In the photos below of some CRJs, you can see that the engines are indeed canted inward just a little. It also appears that they are angled horizontally so that the intake is a bit higher than the exhaust.
VC-10 From United Kingdom, joined Oct 1999, 3677 posts, RR: 37 Reply 9, posted (11 years 5 months 4 days 20 hours ago) and read 4326 times:
Looking at my course notes both the inbd & otbd 747 nacelles are canted in 2 degs to pick up the bow wave.
On the VC10 in an effort to reduce the unexpectedy high drag encountered during flight testing, the Super VC10 engine nacelles were attached to the fuslage at a 3 deg nose up angle and the stub wing span increased to get the inbd engine intakes out of the 11 inch thick boundary layer in that area.
TimT From United States of America, joined Jun 2001, 168 posts, RR: 0 Reply 12, posted (11 years 5 months 4 days 16 hours ago) and read 4286 times:
Here's another tidbit-- the DC-10 likes to fly between 3 and 5 degrees nose up. Not sure about the others, but I suspect the same thing. If that's the case, the engineering department canted the engines so they are "square" to the airflow. I know that on a ground runup, it's a really bad idea to pull high power without being pointed into the wind. Makes exciting things happen. (including getting yelled at)
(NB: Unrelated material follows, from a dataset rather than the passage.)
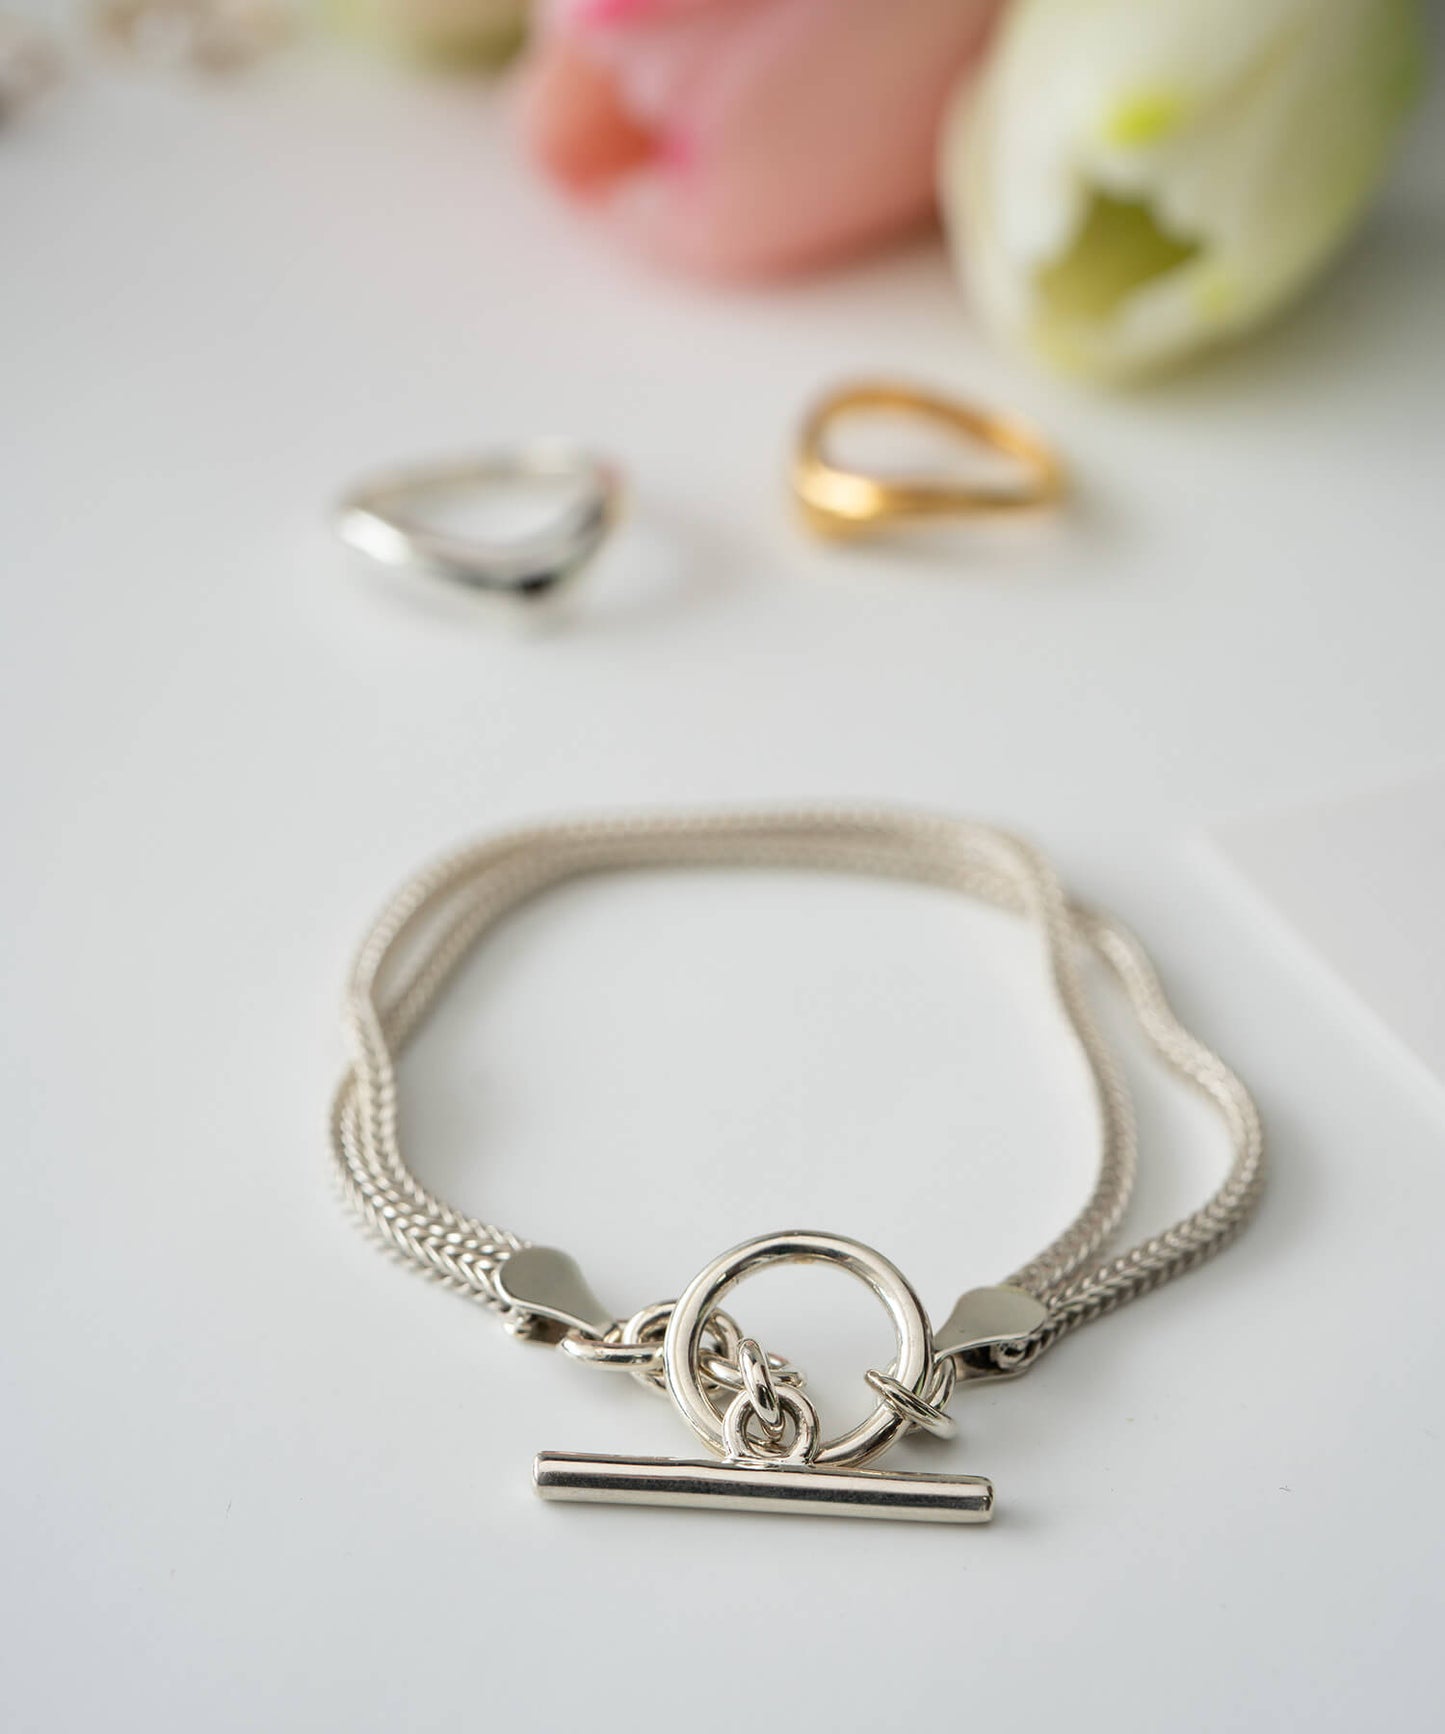 Double Chain Mantel Bracelet | VENEC-GEMELLI BRACELET
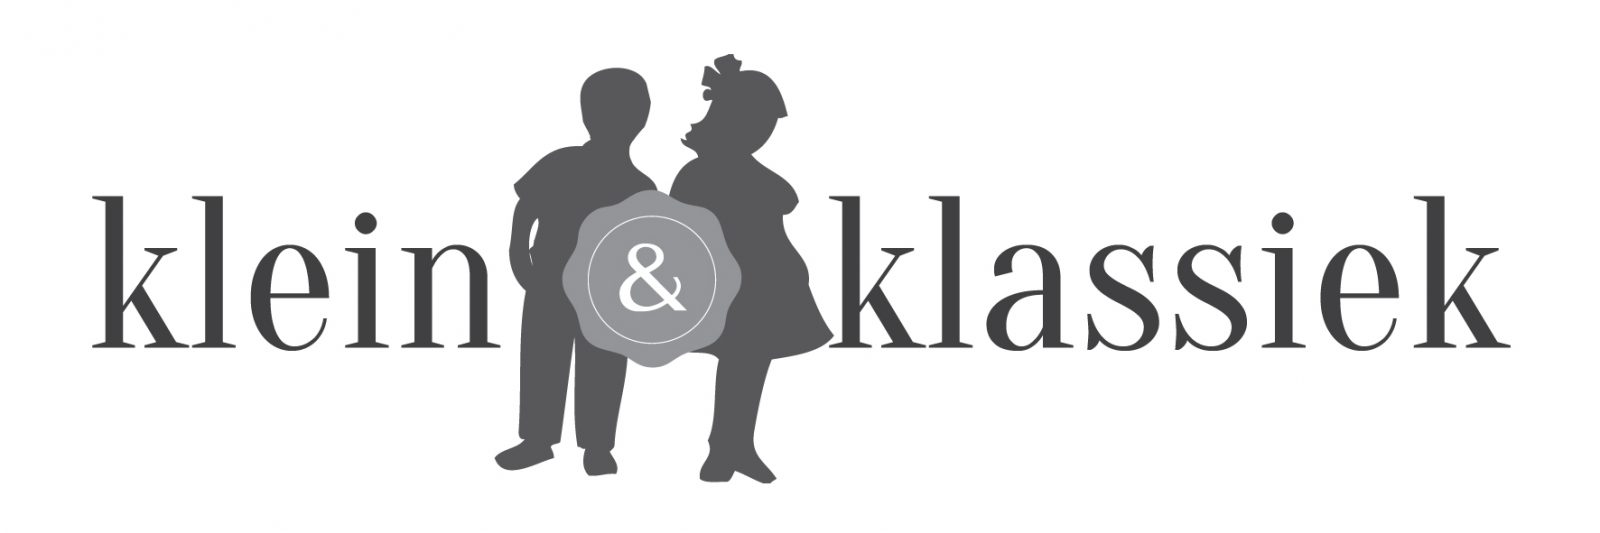 Klein & Klassiek

Jetguy From , joined Dec 1969, posts, RR: Reply 13, posted (11 years 5 months 4 days 16 hours ago) and read 4285 times:
One more tidbit you you guy that are interested in Learjets. On all but the earliest tip-tanked models the tip tanks are canted downward 3 degrees (as I remember) to keep them square with the world during crusing flight at altitude. One of the explinations that I remember from one of my type rating ground schools regarding the outward canting of the engines (as seen from the front) was to minimize the rudder forces required in the case of engine loss. Whether or not that's a valid reason, I honestly don't know but it sounds good and does make some sense. It's common to mount the engines on larger sengle-engine aircraft with a significant cant. Next time you get a chance go look at a late model Bonanza. It will really surprise you. You'd think the airplane would fly sideways through the air.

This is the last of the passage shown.